- [Information provided]:
::::

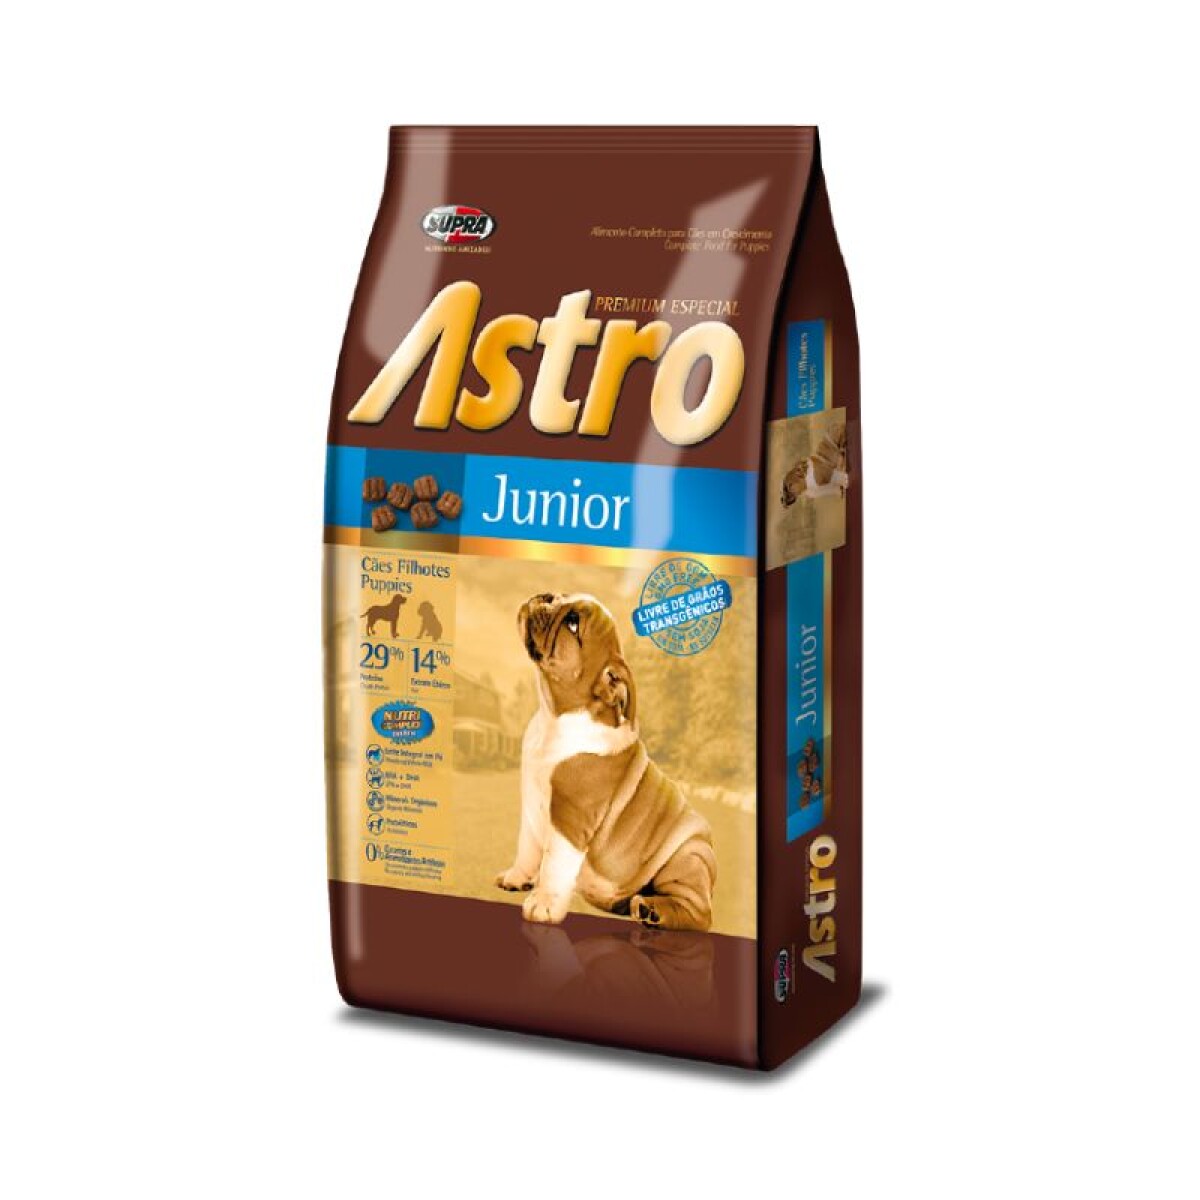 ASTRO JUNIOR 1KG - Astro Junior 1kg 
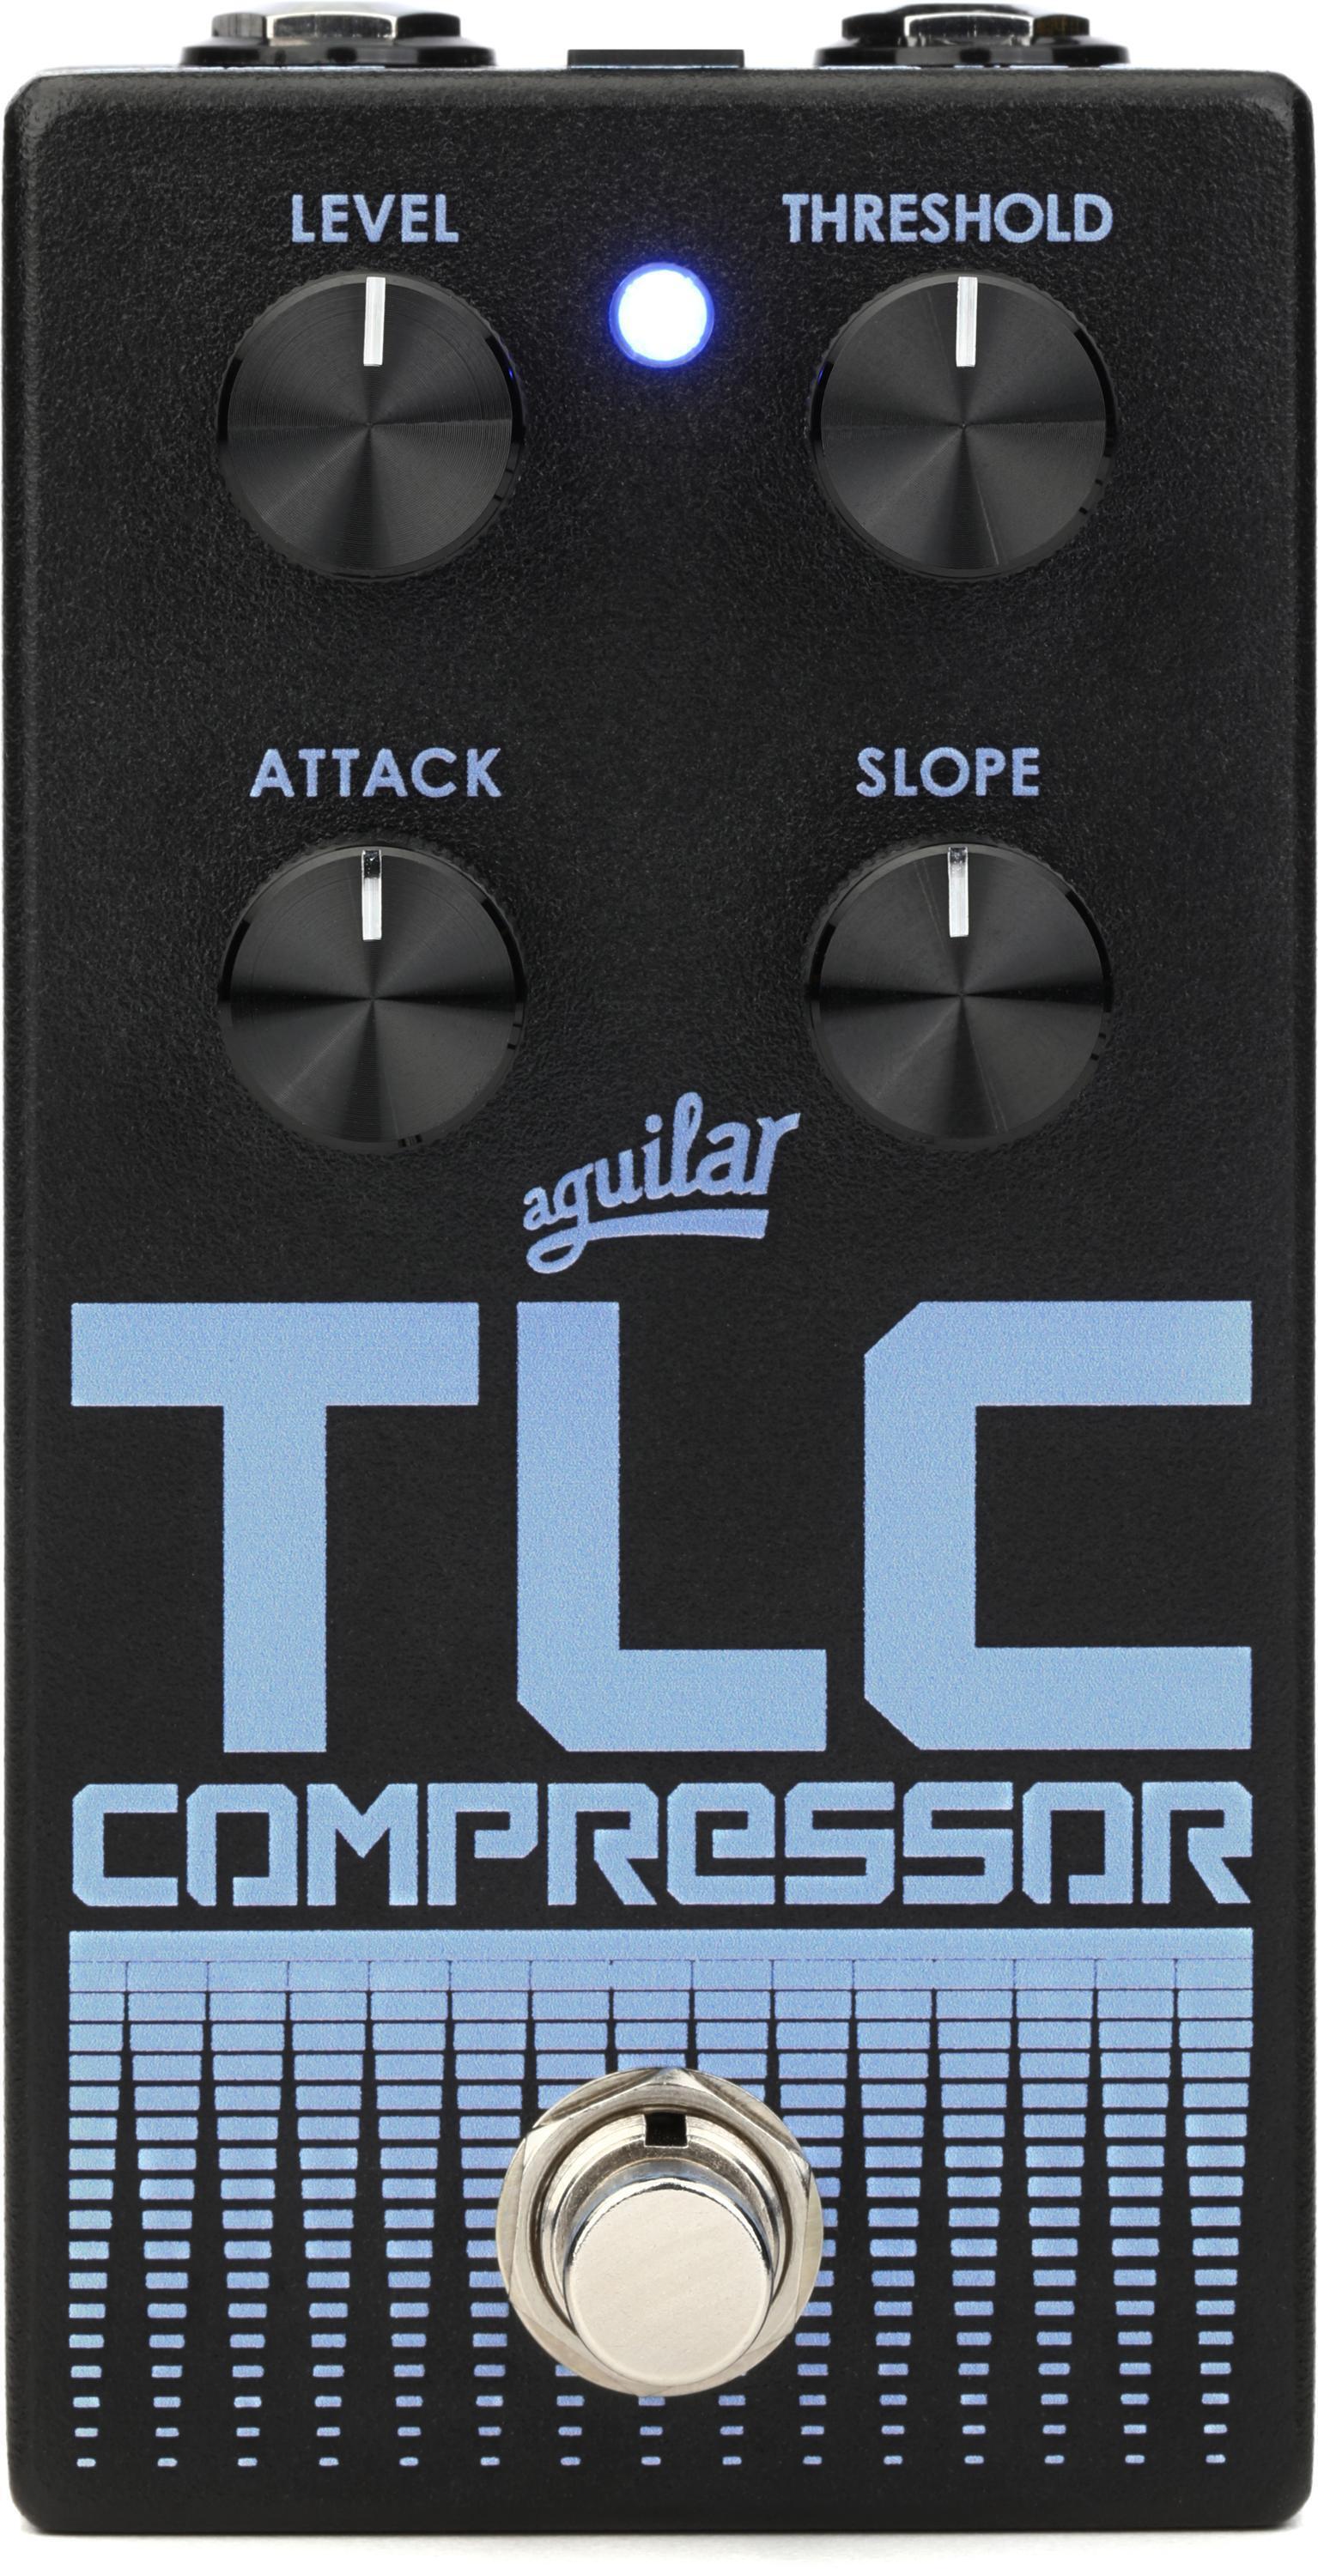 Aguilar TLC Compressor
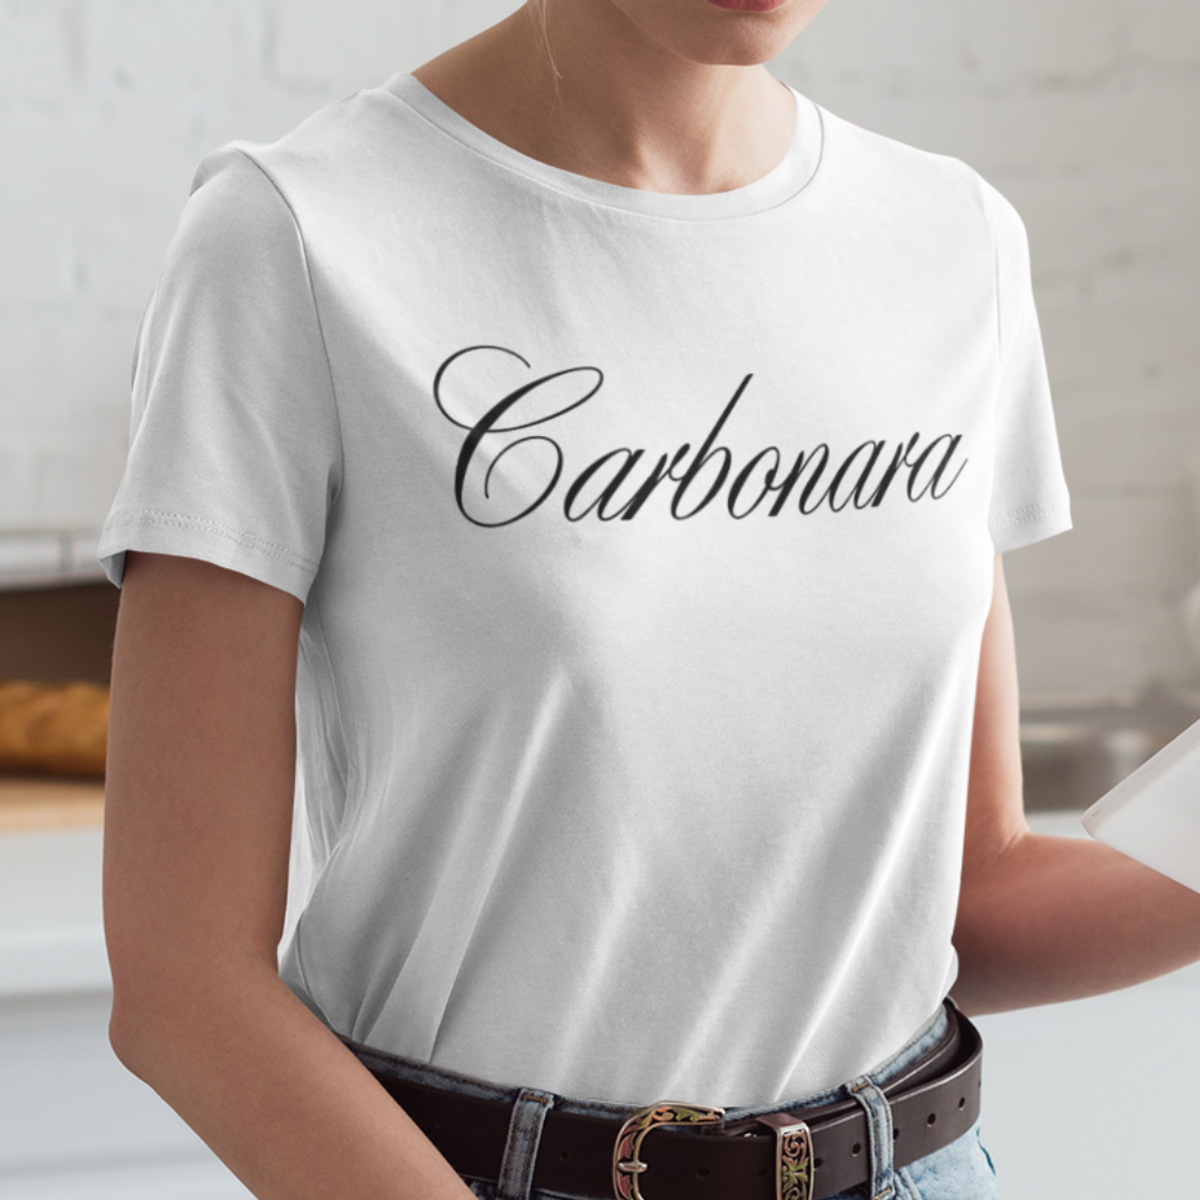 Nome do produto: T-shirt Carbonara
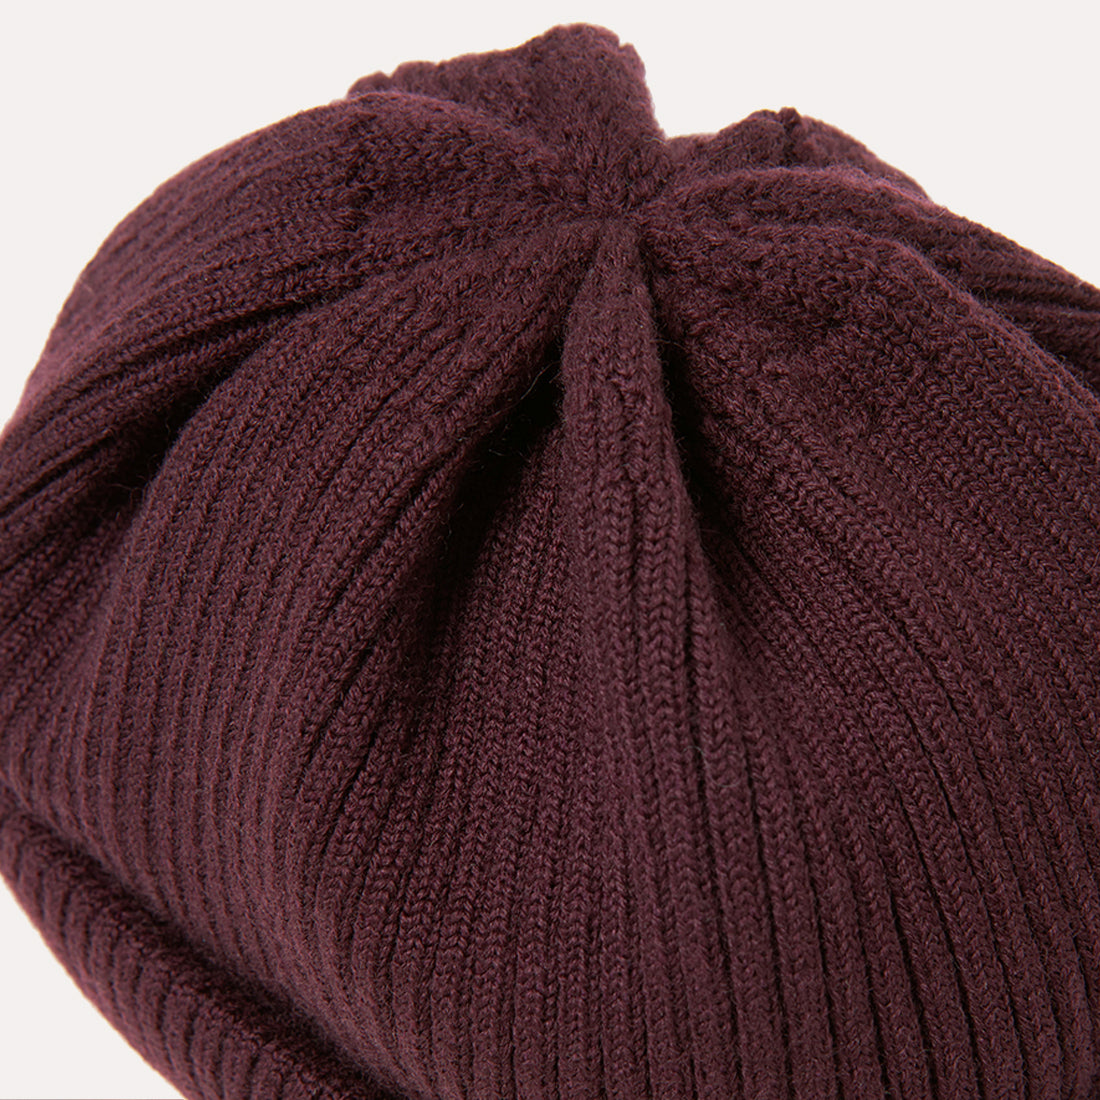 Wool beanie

::::

- [What to produce]: Retype exactly, please, the span from the line holding "Aguilar TLC Compressor" through the closing line of the data, both ends included, without the pictures.

- [Answer area]:
 Aguilar TLC Compressor
 Nome do produto: T-shirt Carbonara
 Wool beanie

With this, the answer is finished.